* [Listed entries]
Content starts
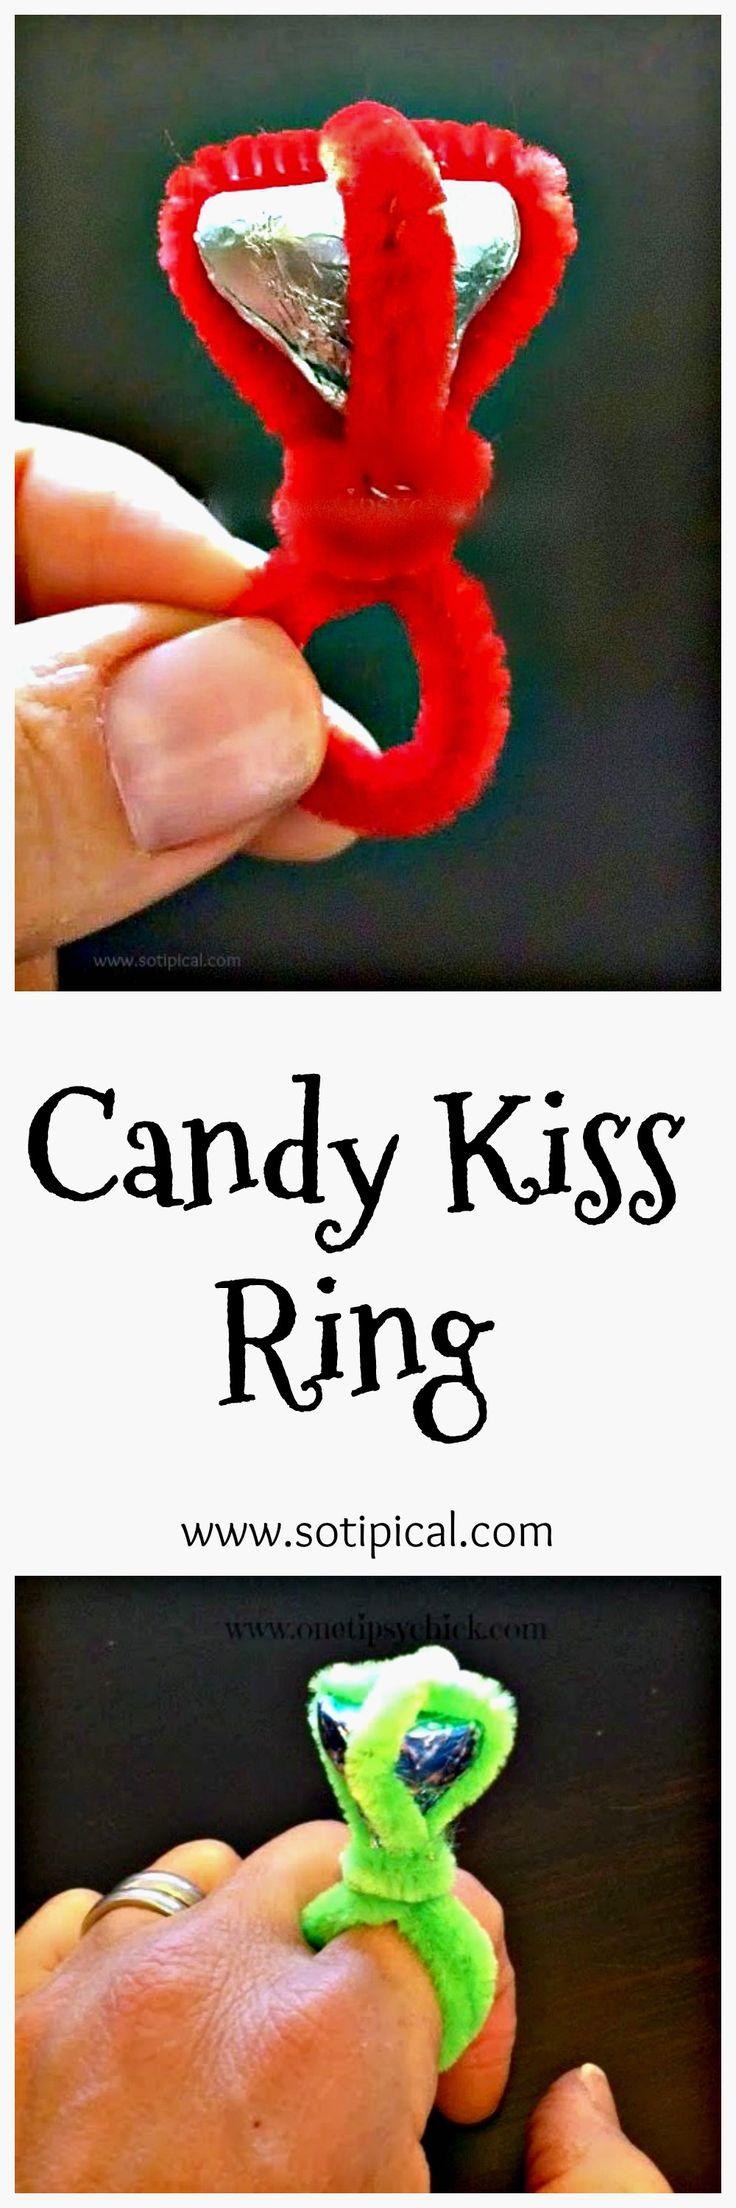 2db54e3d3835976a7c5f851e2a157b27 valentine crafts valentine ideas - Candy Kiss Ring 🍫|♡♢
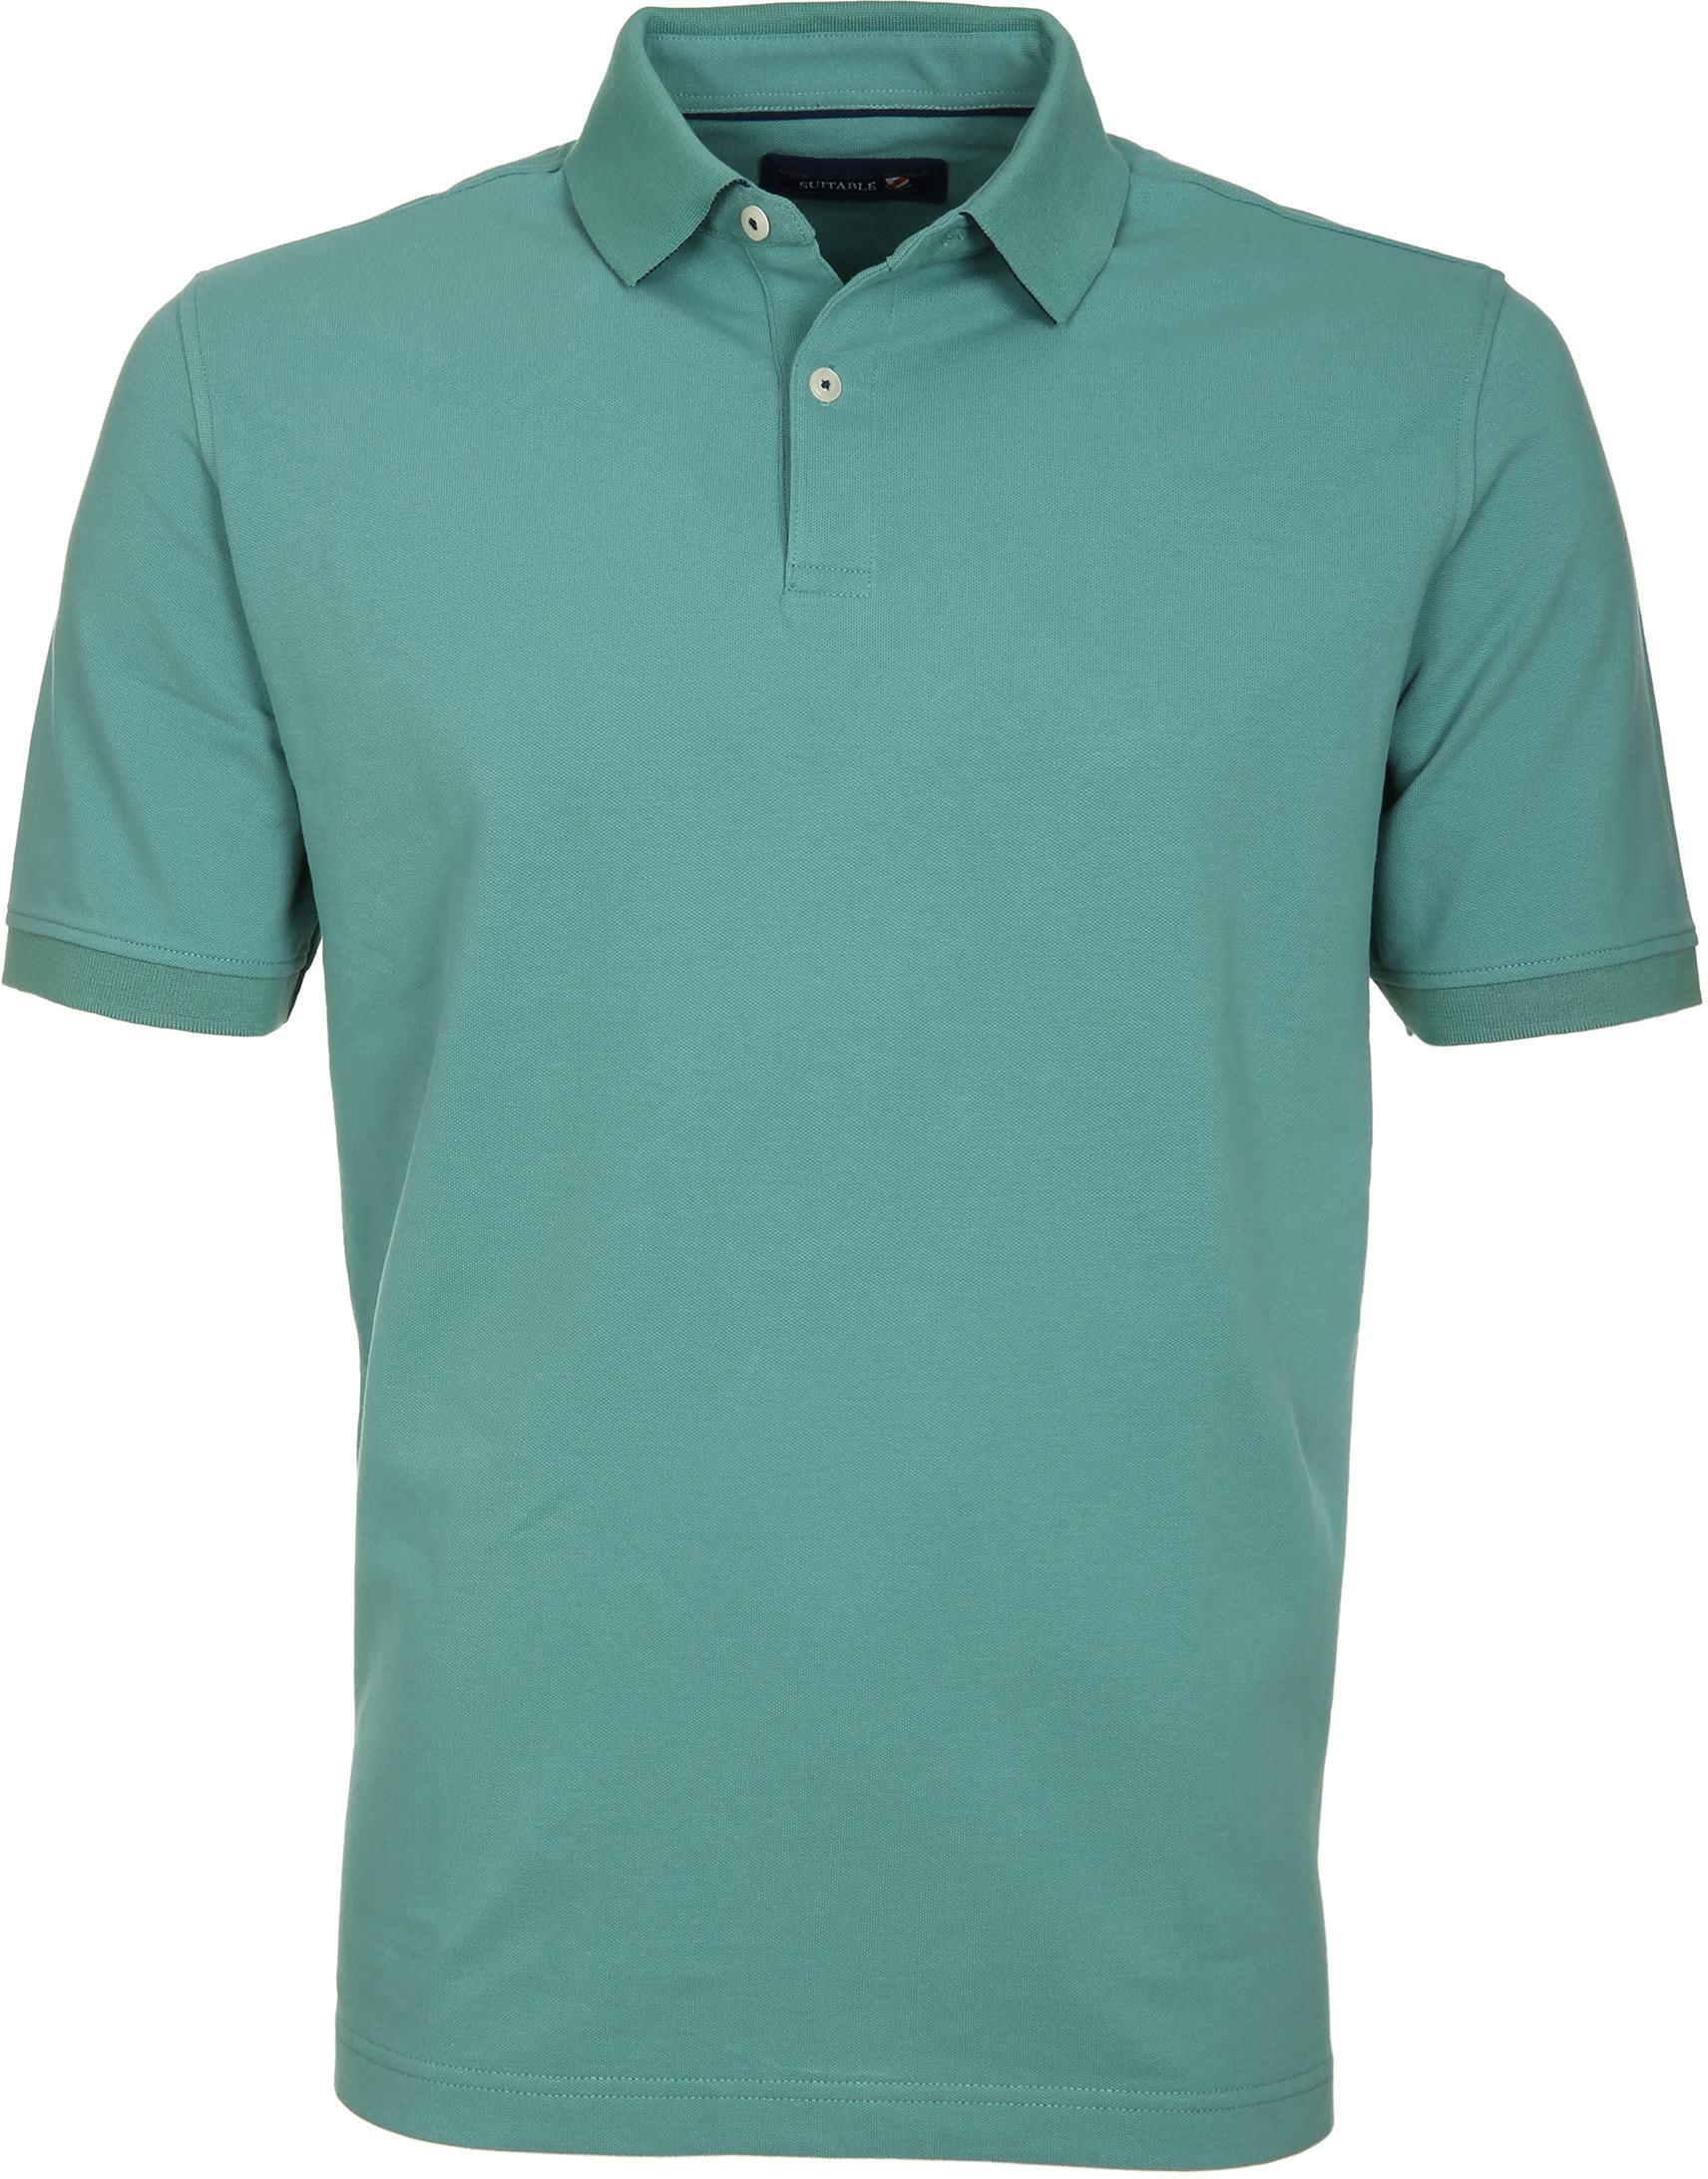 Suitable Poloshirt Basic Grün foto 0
Content ends
Content starts
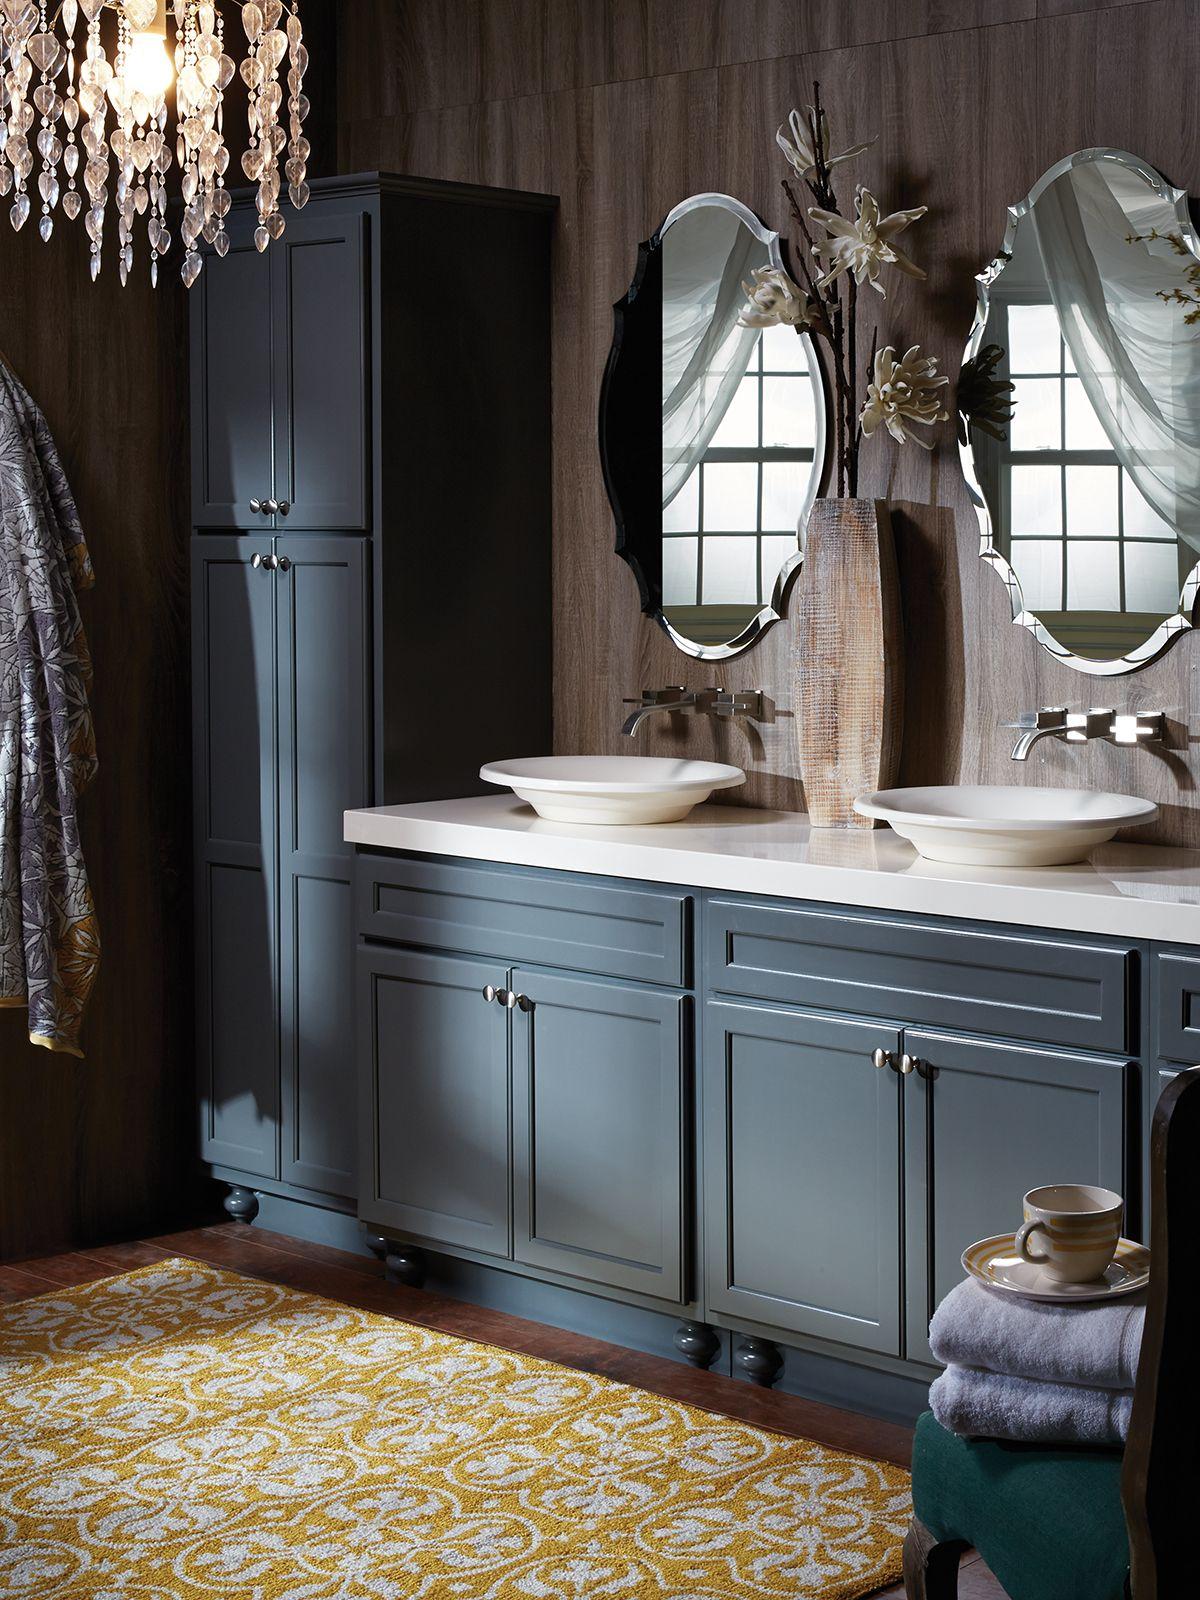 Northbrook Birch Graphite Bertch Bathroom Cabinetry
Content ends
In the data above, the stretch from the line with "2db54e3d3835976a7c5f851e2a157b27 valentine crafts" through the line with "Suitable Poloshirt Basic Grün foto 0" is to be returned exactly, minus any pictures.

 2db54e3d3835976a7c5f851e2a157b27 valentine crafts valentine ideas - Candy Kiss Ring 🍫|♡♢
 Suitable Poloshirt Basic Grün foto 0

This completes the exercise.